Amazingly, DNA itself can serve as a vaccine. DNA vaccines work on the principle that the gene sequence for one or more candidate antigens is introduced into an animal or person via a delivery vehicle known as a vector, together with a strong promoter that can switch on its expression in mammalian cells. Cells that take up the injected DNA transcribe and translate the gene and release the relevant antigen protein, which the body can in turn manufacture antibodies against. Thus, the body itself becomes a vaccine factory20. Unfortunately, so far this approach has worked better in mice than in humans, but many avenues are being pursued to improve this situation.

To strengthen the immune response to a vaccine, it may be necessary to use an adjuvant substance. Here, DNA may also be of potential use. Scavenger cells, which capture antigens, have evolutionarily conserved receptors, known as Toll-like receptors (TLRs), which recognize antigens common to many pathogens. One such receptor is TLR-9, which recognizes unmethylated CpG motifs commonly found in bacterial but not mammalian DNA. Accordingly, unmethylated CpG-rich DNA sequences represent a promising new category of adjuvant21.

Future directions

The solutions to the puzzle of antibody diversity and mystery of T-cell recognition of antigenic peptides are among the brightest chapters of biology in the last quarter of the twentieth century. The future of immunology will be all about how the system is regulated and how it makes decisions: whether to respond or not; whether to direct efforts towards antibody formation or cell-mediated immunity; and, if the latter, whether more towards cytokine-secreting T cells or cytotoxic T cells.

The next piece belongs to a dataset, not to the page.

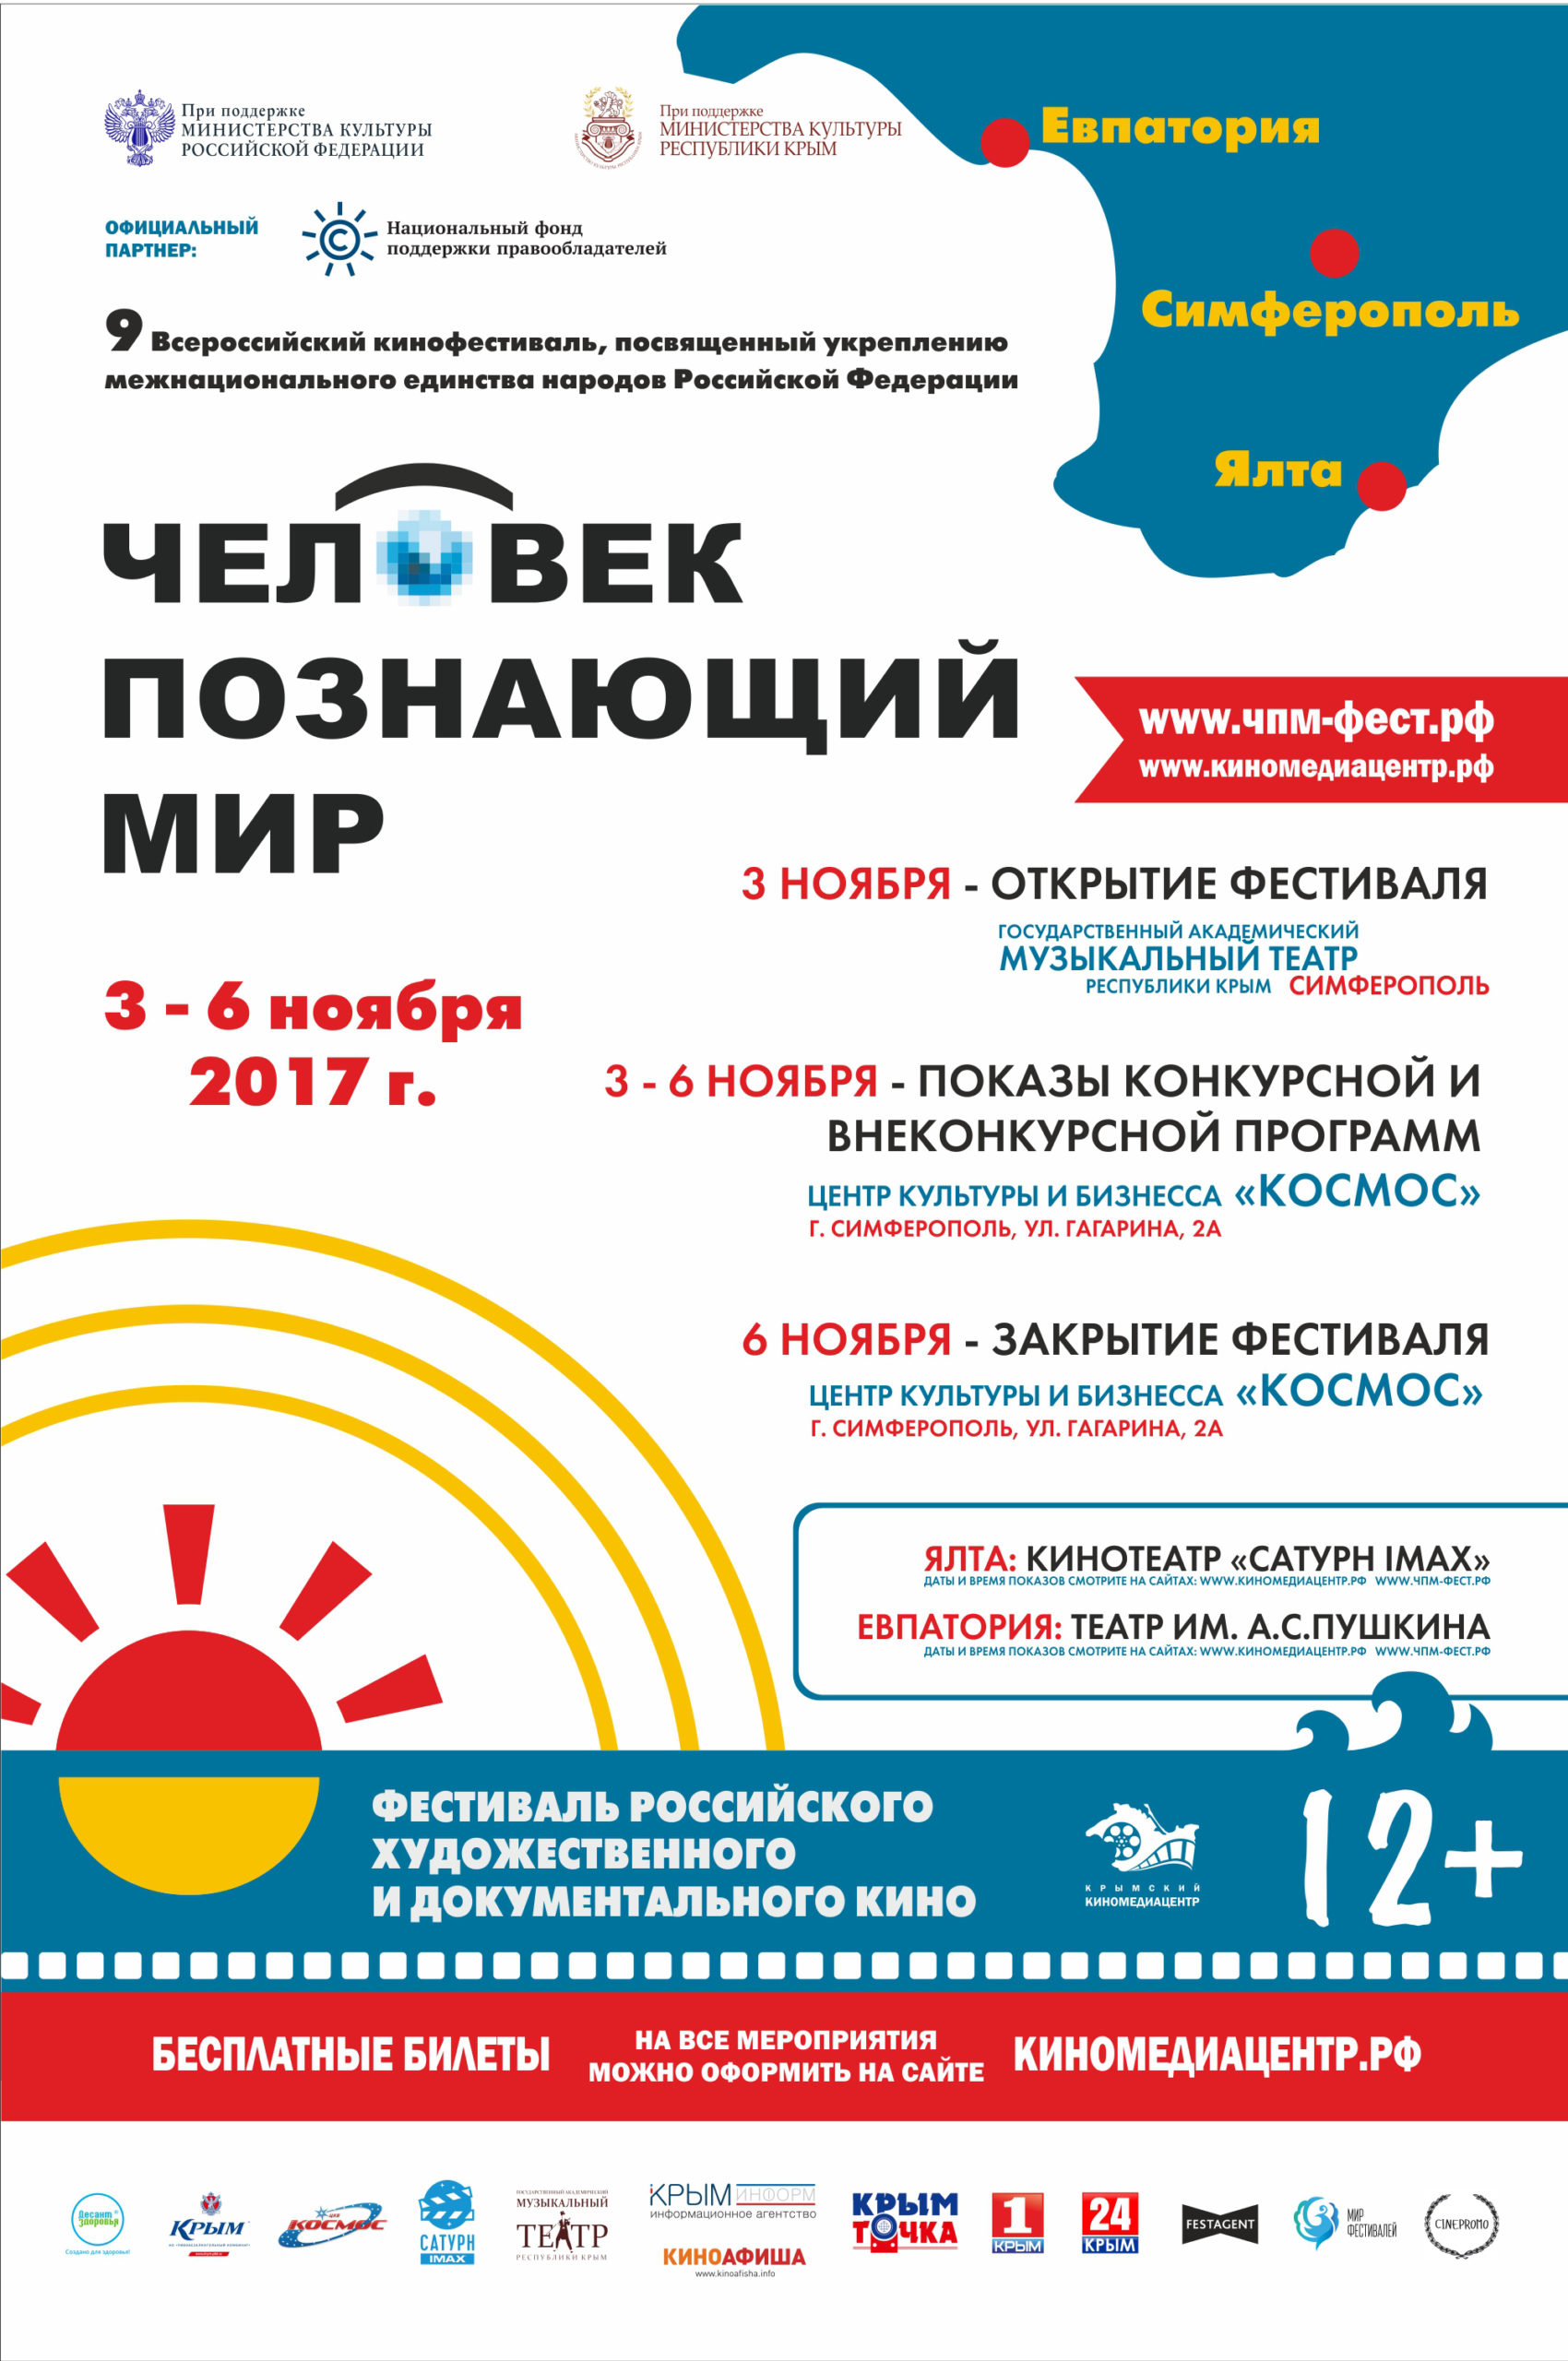 НФПП поддержит фестиваль российского кино в Крыму

As in the past, the future will be about information and thus about DNA science. All the complex signalling pathways, the feedback loops, and the intricate rules governing cell division on the one hand or programmed cell death on the other, will be progressively revealed. As this happens, the possibilities for applied research and development will be immense. In particular, new therapeutic targets will be identified. The 'miracle' drug for chronic myelogenous leukaemia, Glivec, was made possible after the characterization of the extraordinary cancerous potential of the chimaeric oncogene bcr–abl. This will surely be only the first of a plethora of more intelligently designed anti-cancer drugs. Potent cytokines and monoclonal antibodies directed against cell surface-associated structures are already prominent within a radically revised pharmaceutical armamentarium in areas including cancer, autoimmunity, allergy and transplantation. DNA research is therefore crucial to a new generation of immunologists, from those striving towards the development of novel vaccines to those seeking to understand and control autoimmune diseases, allergy and transplant tolerance.